For the last two years, until her 18th birthday in May, Harkleroad had been hamstrung by the WTA’s age rules, which limited the number of tournaments she could play.

Free from age jail, Harkleroad has been “just so happy and improving every day,” said Laura Granville. Granville, 22 and seeded 31st, also won Wednesday. She beat 1997 French Open champion Iva Majoli, 6-1, 6-2. In the third round, Granville will play eighth-seeded Chanda Rubin, an American. Rubin beat Cara Black, 7-6 (6), 6-3.

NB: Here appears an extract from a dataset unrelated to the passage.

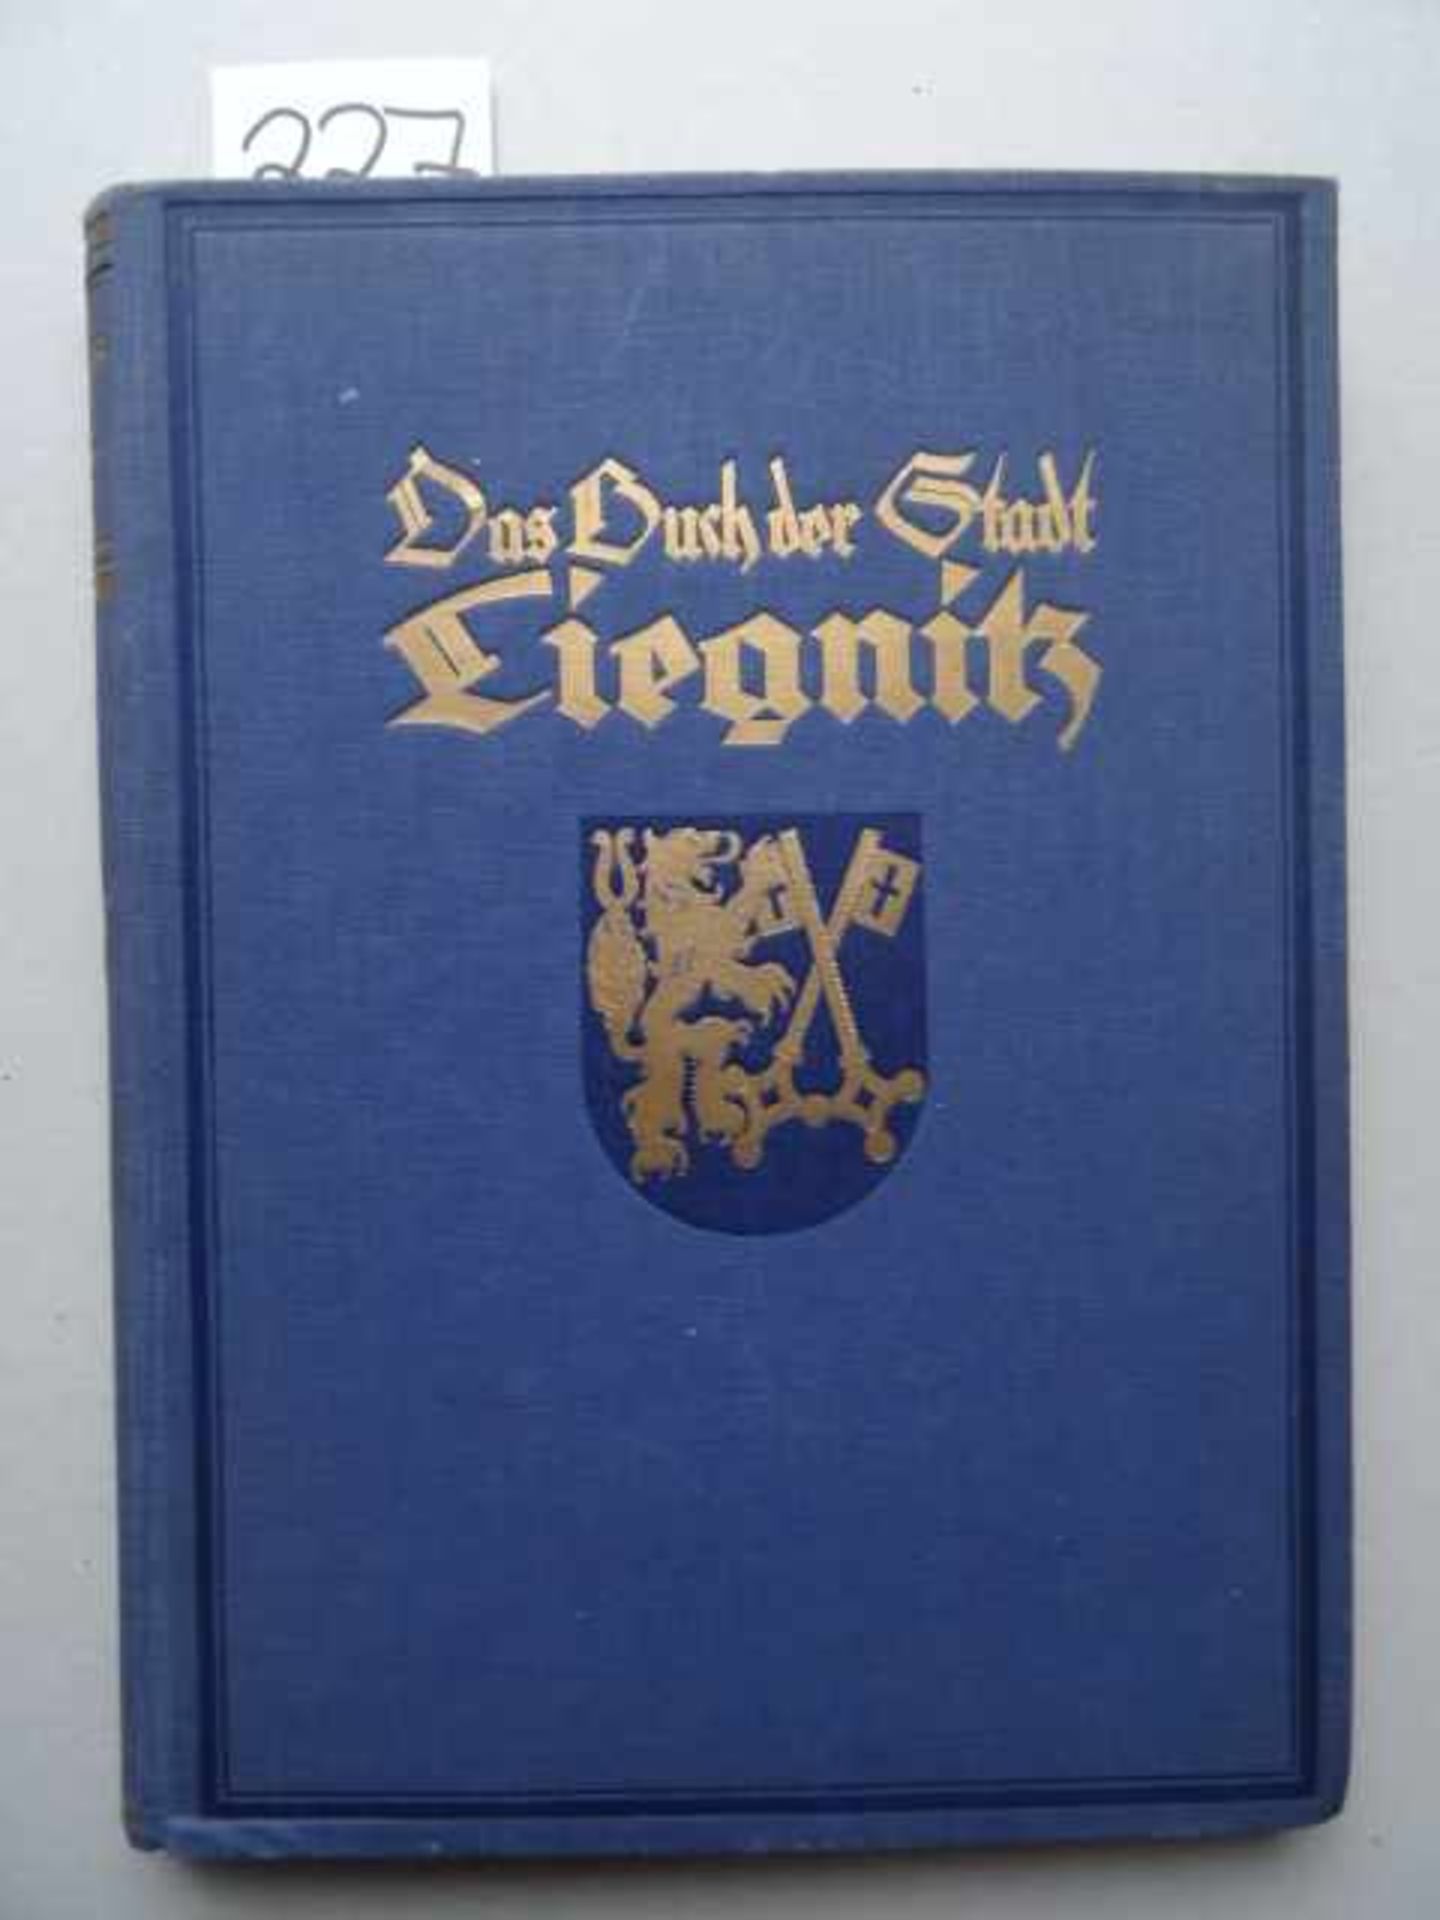 Polen.- Die Stadt Liegnitz. Hrsg. v. E. Stein. Berlin, Deutscher Kommunal-Verlag, 1927. 312 S. Mit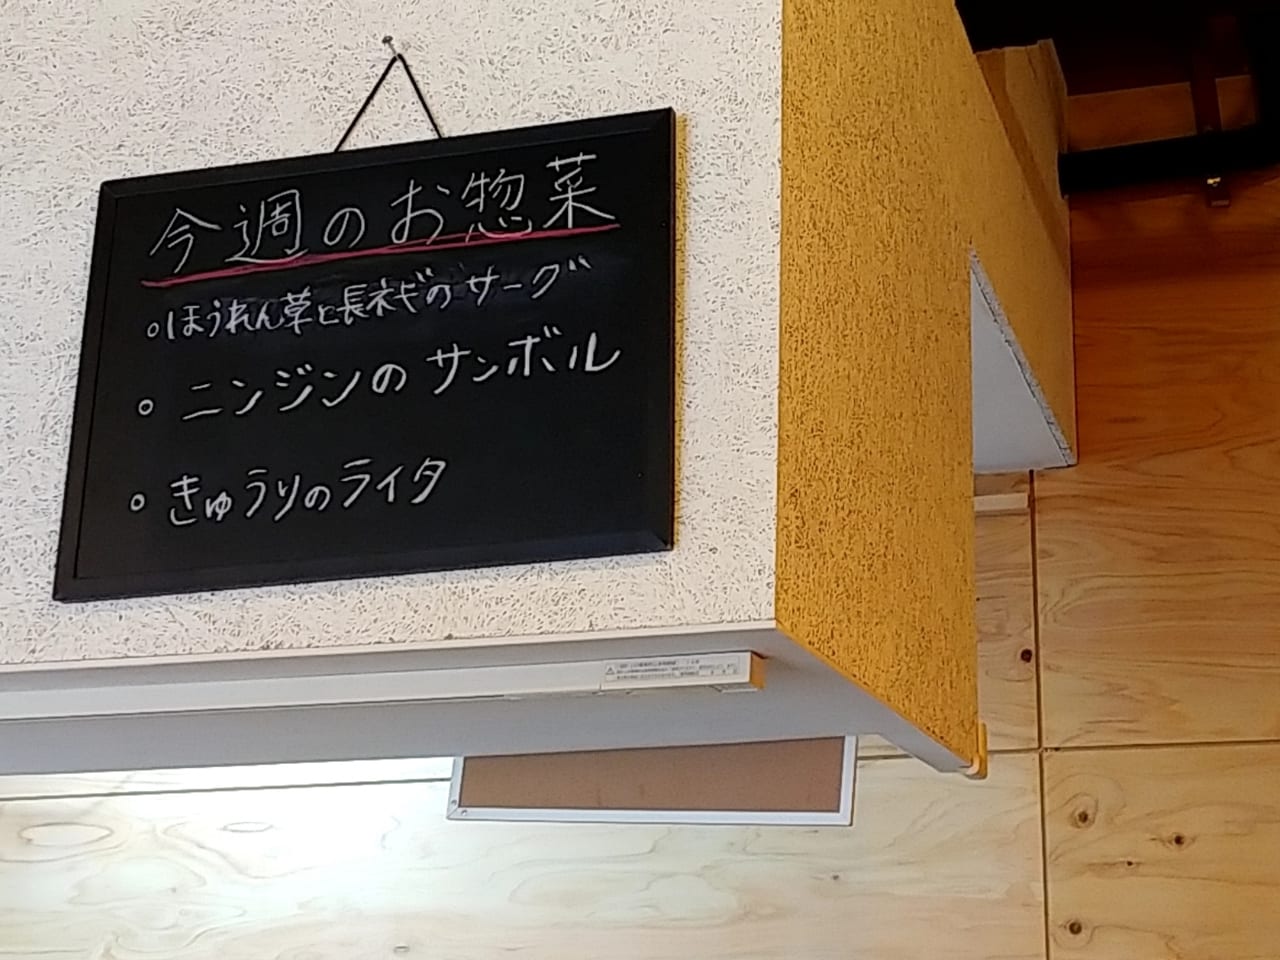 「チャトラ」のお惣菜メニュー

While U.S. men’s tennis clings to the clay-spattered shirt of elder statesman Andre Agassi because Pete Sampras has gone away, Michael Chang is going away, Jim Courier is gone and no one is ready to replace them, the women are tripping over each other on the climb to the top 10.

Serena Williams, with the jeweled strap on her tennis dress and her red, white and blue butterfly diamond hair clips, speaks airily of her dreams of clothing designs and Grand Slam dominance and has staked out a No. 1 ranking for the foreseeable future. Venus, her older sister, has become a mysterious, insular, intriguing ghost who pops between tennis and her design business, who seems conflicted about whether she wants to fight little sister for top billing or move on.

And Venus is the third-best player in the world, says the computer.

Jennifer Capriati is still grimly determined to beat Serena and Venus. Lindsay Davenport has sparkling eyes and a Hawaiian tan. She is just back from her honeymoon and still has one of the purest, hardest strokes in the game. And, at 26, still convinced she has it in her to win a fourth Grand Slam title.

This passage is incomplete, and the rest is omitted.